C’est notamment ce qui explique que les projets SI dont l’objectif est d’optimiser les processus métiers et/ou techniques afin d’accélérer le traitement de l’information et ainsi répondre de manière plus adaptée aux besoins clients soient actuellement légion dans le monde du Retail. On observe ainsi de manière croissante des projets d’ERP (entreprise resource planning, par exemple NetSuite, dont l’éditeur est Oracle). Lesquels étant plus ou moins complets, ils sont souvent complétés par la mise en place de WMS (warehouse management system, tel que SAP ou REFLEX par exemple), d’OMS (order management system, à l’instar de SALESFORCE) ou encore de TMS (transport management system, par exemple LIS ou ANDSOFT).
Même si les outils ne sont pas uniques, l’enjeu est bien de pouvoir les interfacer afin qu’ils communiquent entre eux en temps réel et permettent ainsi une visibilité globale sur un front unifié à destination notamment de la force de vente. Au-delà de l’efficacité technique des systèmes d’information, c’est bien leur capacité à fonctionner de concert et à se synchroniser qui permettra de collecter, distribuer puis restituer la bonne donnée de bout-en-bout, au bon moment, et ainsi permettre la bonne prise de décision par tous les acteurs concernés, du vendeur au consommateur.
En effet, les moyens mis à disposition doivent servir de facilitateurs, et non perturber la force de vente. C’est aussi pour cela que le rôle des DSI ne s’arrête pas à la mise à disposition de tels moyens. Le service clients prend d’autant plus d’importance qu’il est nécessaire que la force de vente maitrise tous les outils à sa disposition (d’où l’importance de l’implication du métier dans la conception des écrans) et qu’elle puisse résoudre rapidement d’éventuels problèmes techniques. Un réel accompagnement bout-en-bout doit être mis en place afin d’exploiter pleinement les potentialités offertes par les moyens techniques mis à disposition.
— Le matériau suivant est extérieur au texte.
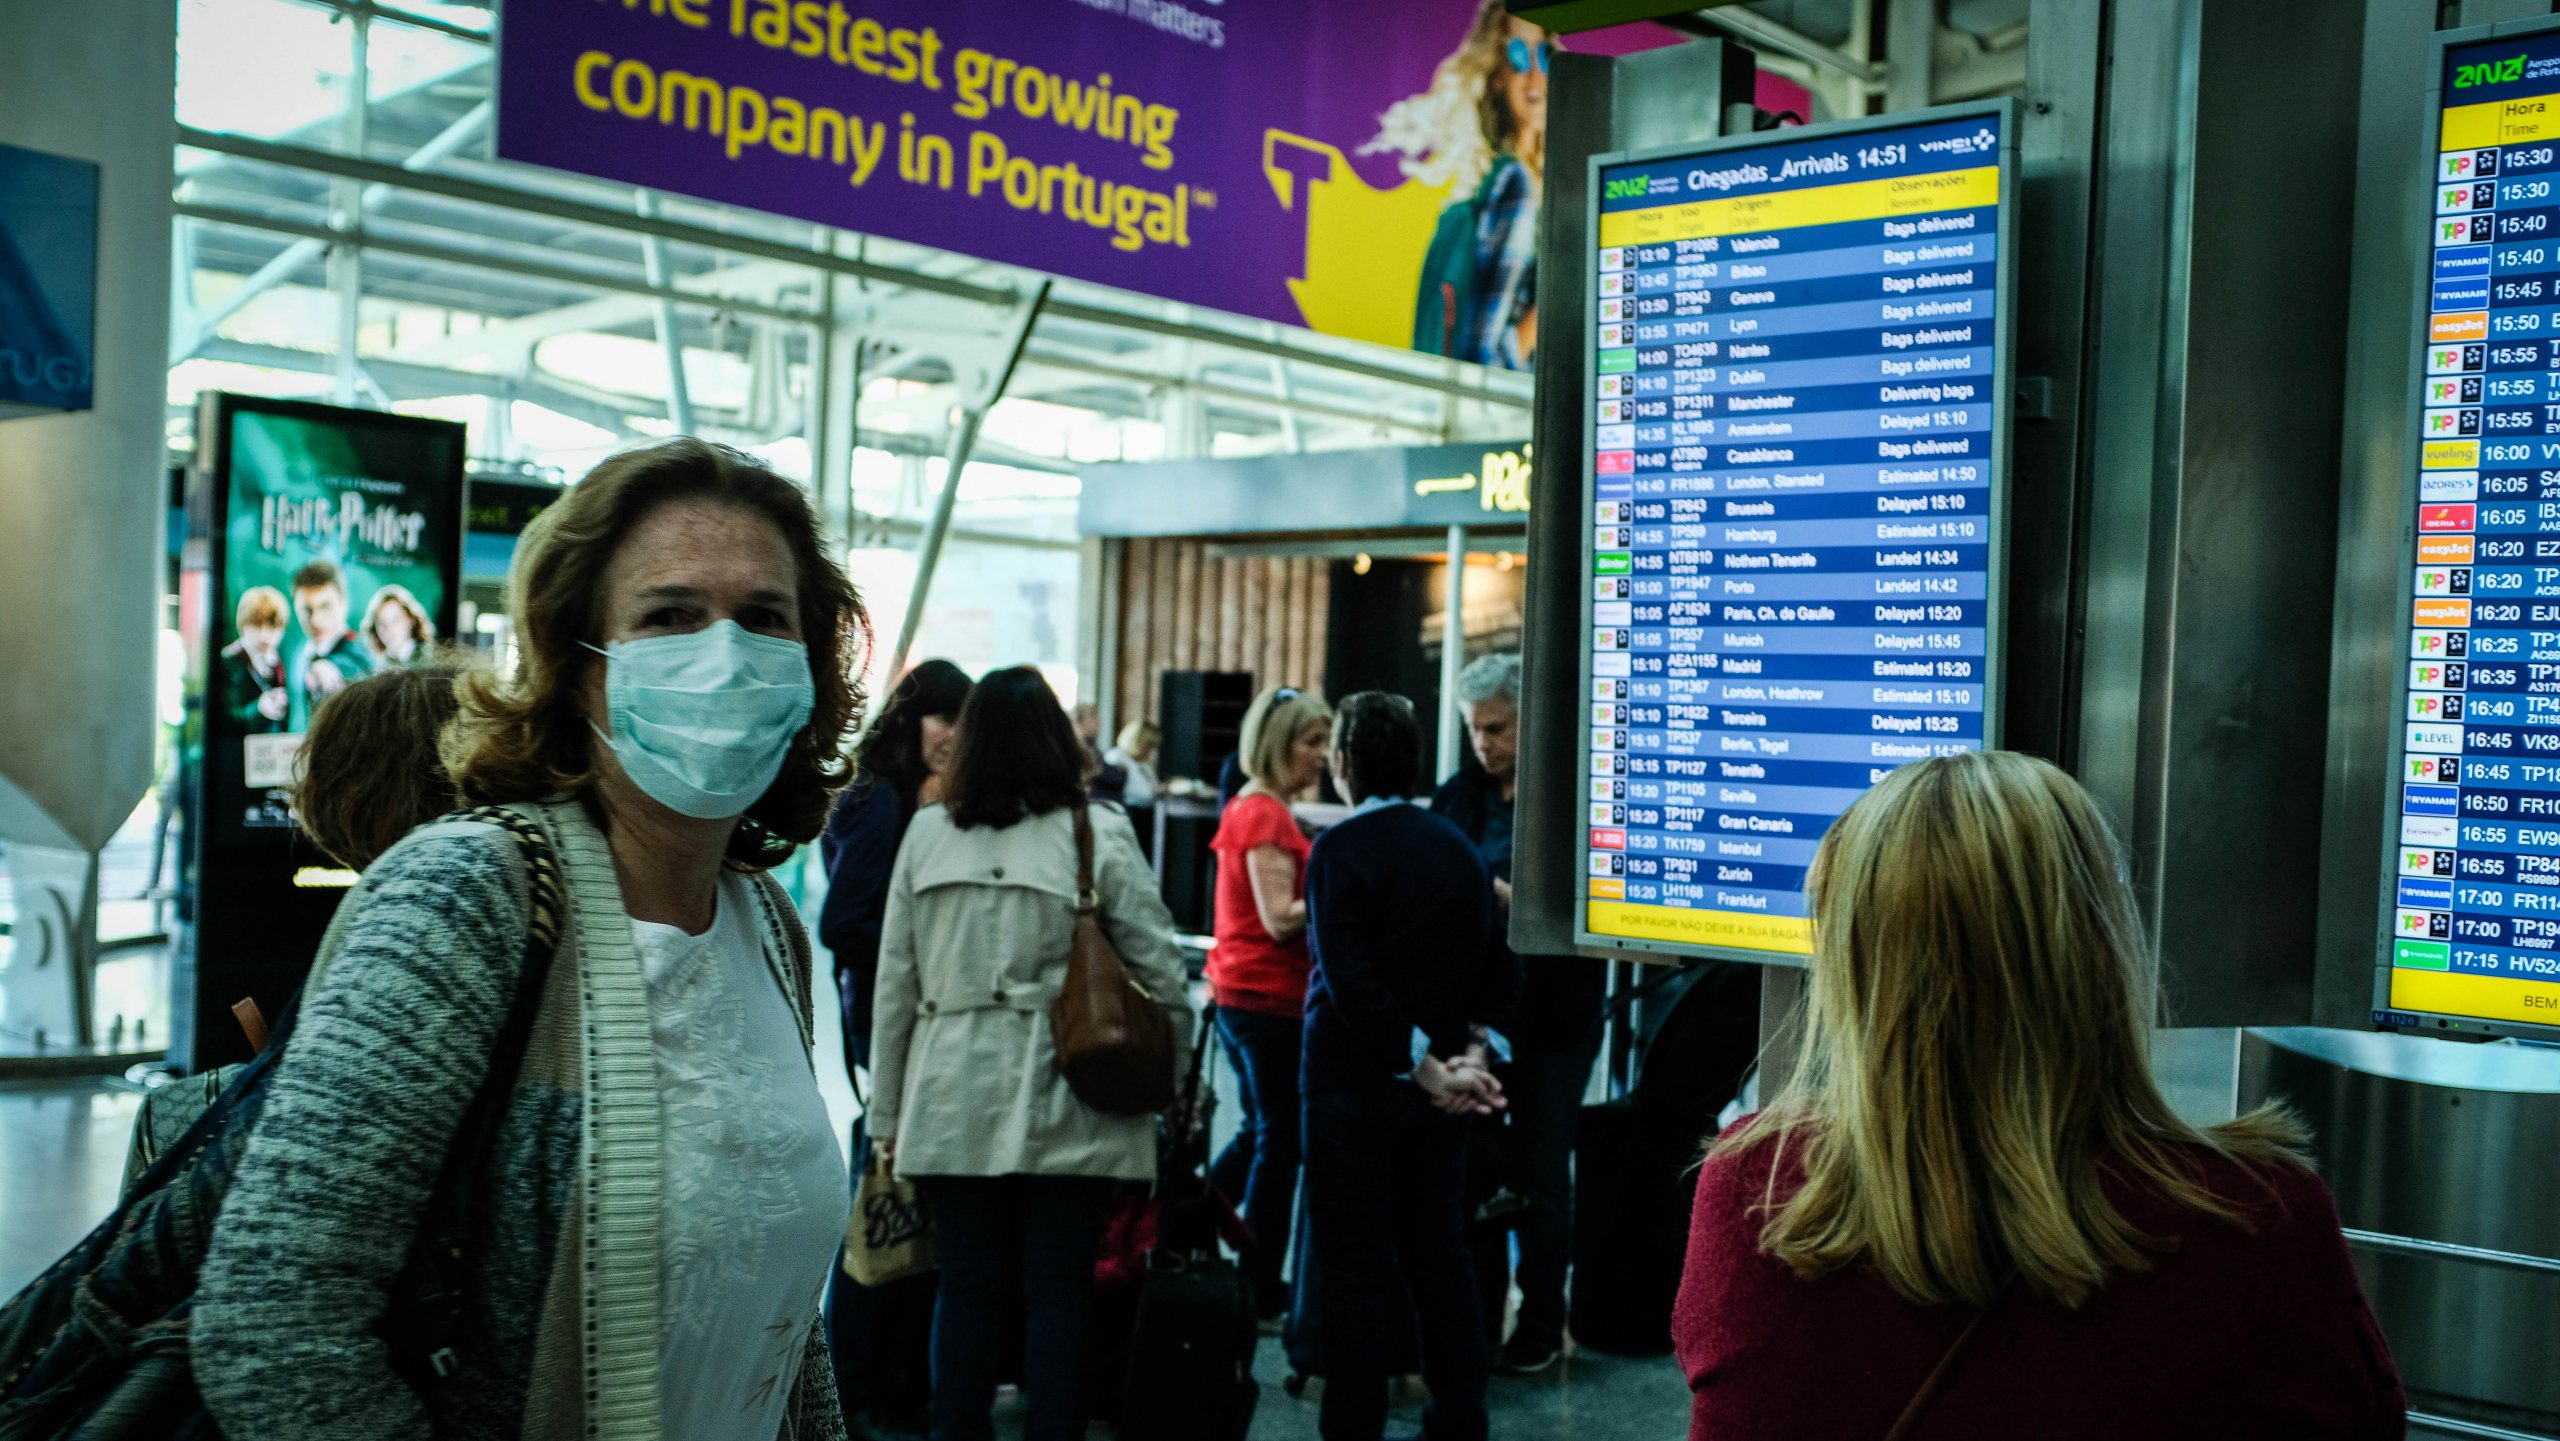 Controlo de teste negativo nas chegadas aos aeroportos passará a ser sistemático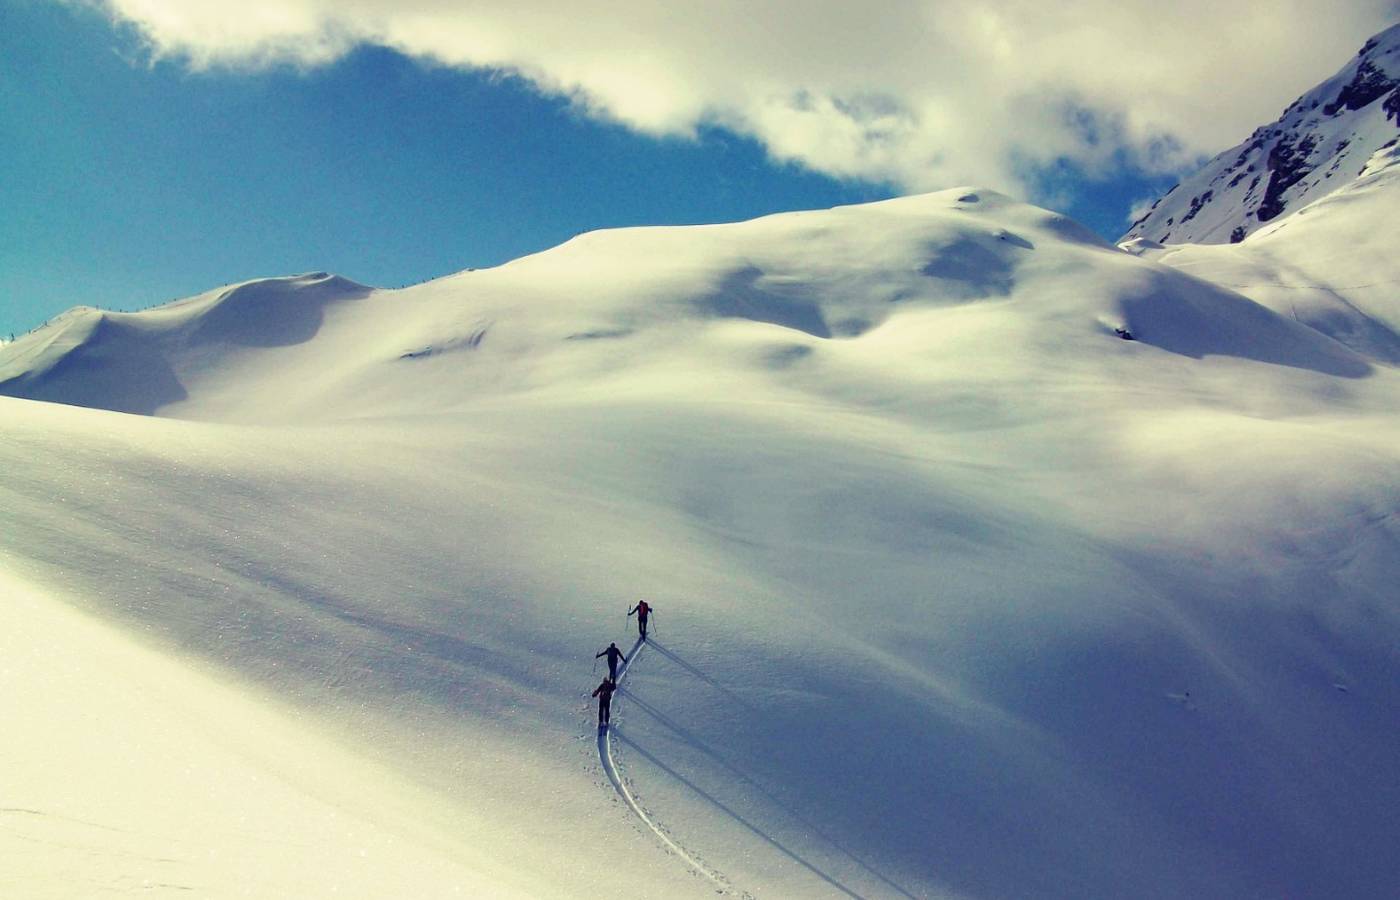 Ski mountaineering week in the Pflersch Valley

La Paris Retail Week était d’ailleurs l’occasion de découvrir nombre de solutions, à l’instar de la solution de commerce unifié « Octave Unit »’, un ERP de gestion commerciale permettant une gestion de stock centralisée, un référentiel unique grâce à des outils de PIM, auquel sont intégrés des interfaces digitales (e-commerce et mobilité vendeur), une caisse pour les points de vente et de nombreuses fonctionnalités propres au Retail et/ou au digital (par exemple des outils de CRM ou de reporting opérationnels et décisionnels).
L’attractivité de ce genre de solutions est qu’elles permettent tout à la fois de :
- Accompagner la transformation du rôle du vendeur, en mettant à sa disposition des moyens d’être plus efficaces, à la fois dans la pratique au quotidien (gestion des livraisons, des commandes, des inventaires …) et dans la relation client (avoir un bon niveau d’information).
- Faciliter la gestion unifiée et décloisonnée du système d’information, pour le rendre plus cohérent et mieux répondre aux différents besoins métiers.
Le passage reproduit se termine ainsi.